UN's child mortality report
India is among the few countries in the world where, in 2018, the mortality under-5 years of girls, exceeded that of boys, according to the ‘Levels and Trends in Child Mortality’ report by the United Nations (UN) inter-agency group for child mortality. The global report states that in 2018 fewer countries showed gender disparities in child mortality, and across the world, on average, boys are expected to have a higher probability of dying before reaching age-5 than girls. But this trend was not reflected in India.
- In some countries, the risk of dying before age 5 for girls is significantly higher than what would be expected based on global patterns. These countries are primarily located in Southern Asia and Western Asia, said the report.
- According to India’s 2017 Sample Registration System (SRS) the States with the highest burden of neonatal mortality are Madhya Pradesh, Odisha and Uttar Pradesh with 32, 33 and 30 neonatal deaths per 1,000 live births, respectively. India’s neonatal mortality rate is 23 per 1,000 live births.
- Also States and Union Territories, Jharkhand, Bihar and Uttarakhand showed the largest gender gaps in under-5 mortality.
- The burden of child mortality is determined both by the mortality rate (the proportion of children who die) and by the estimated population of any given State (total number of annual births).
- In this sense, Uttar Pradesh is the State with the highest number of estimated newborn deaths in India, both because of the high neonatal mortality rate and because of the large cohort of births that occur every year in the State, noted information released by UNICEF (United Nations Children’s Fund).
- According to the report, half of all under-5 deaths in 2018 occurred in five countries: India, Nigeria, Pakistan, the Democratic Republic of the Congo and Ethiopia. India and Nigeria alone account for about a third.

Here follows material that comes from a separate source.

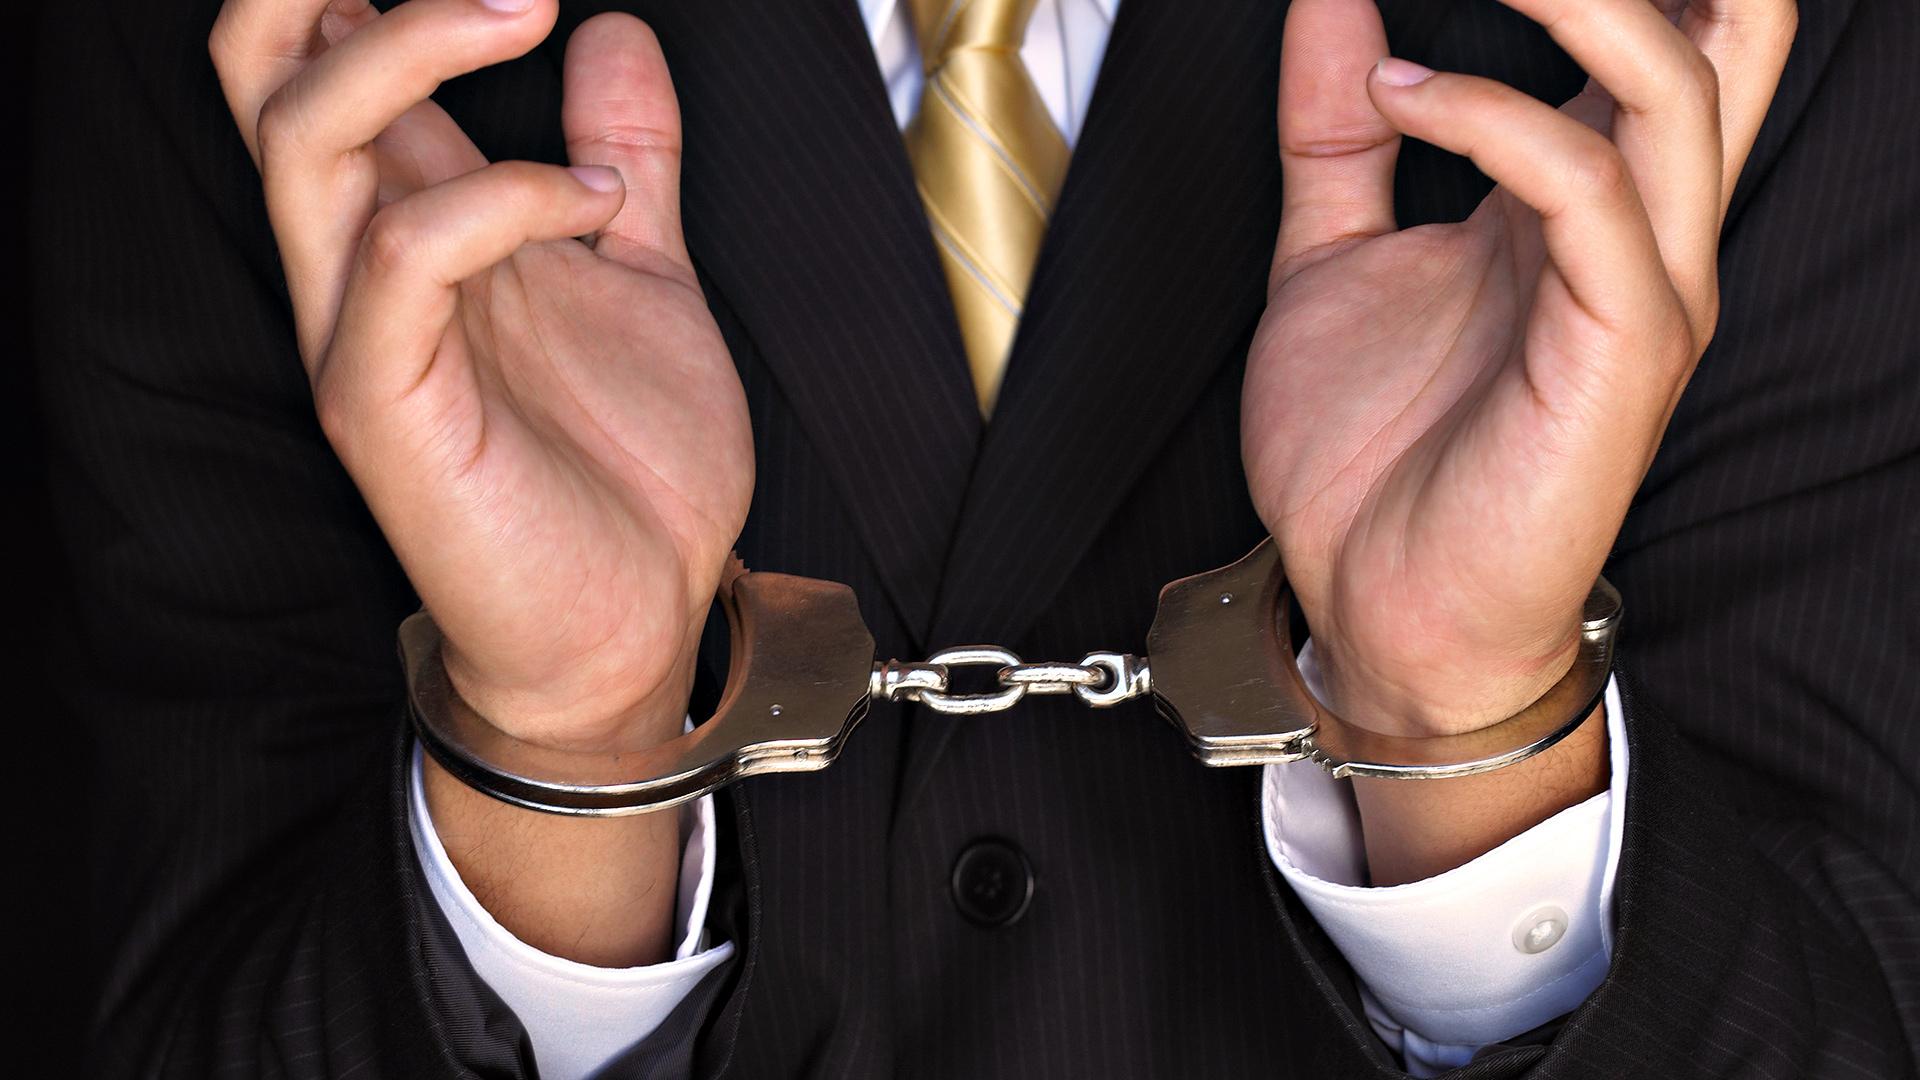 привлечение следователя к уголовной ответственности

- Estimates indicate that the majority of child mortality cases in India are attributable to deaths during the neonatal period. The major causes of neonatal mortality are pre-term birth, intrapartum related events, and neonatal infection. In the post-neonatal period, the major direct causes of death are diarrhoea and pneumonia.
- The report adds that despite the tremendous progress in child survival that has been made over the past two decades, one child or young adolescent died every five seconds in 2018.
- Globally, 85% of deaths among children and young adolescents in 2018 occurred in the first five years of life, accounting for 5.3 million deaths, of which 2.5 million (47%) occurred in the first month of life, 1.5 million (29%) at age 1-11 months, and 1.3 million (25%) at age 1-4 years. An additional 0.9 million deaths occurred among children aged 5-14 years, noted the report.
- The report adds that it is urgently required to further accelerate progress in preventing child deaths.
- Current trends predict that close to 10 million 5- to 14-year-olds, and 52 million children under 5 years of age, will die between 2019 and 2030.
- Almost half of these under-5 deaths will be newborns whose deaths can be prevented by reaching high coverage of quality antenatal care, skilled care at birth, postnatal care for mother and baby, and care of small and sick newborns, said the study.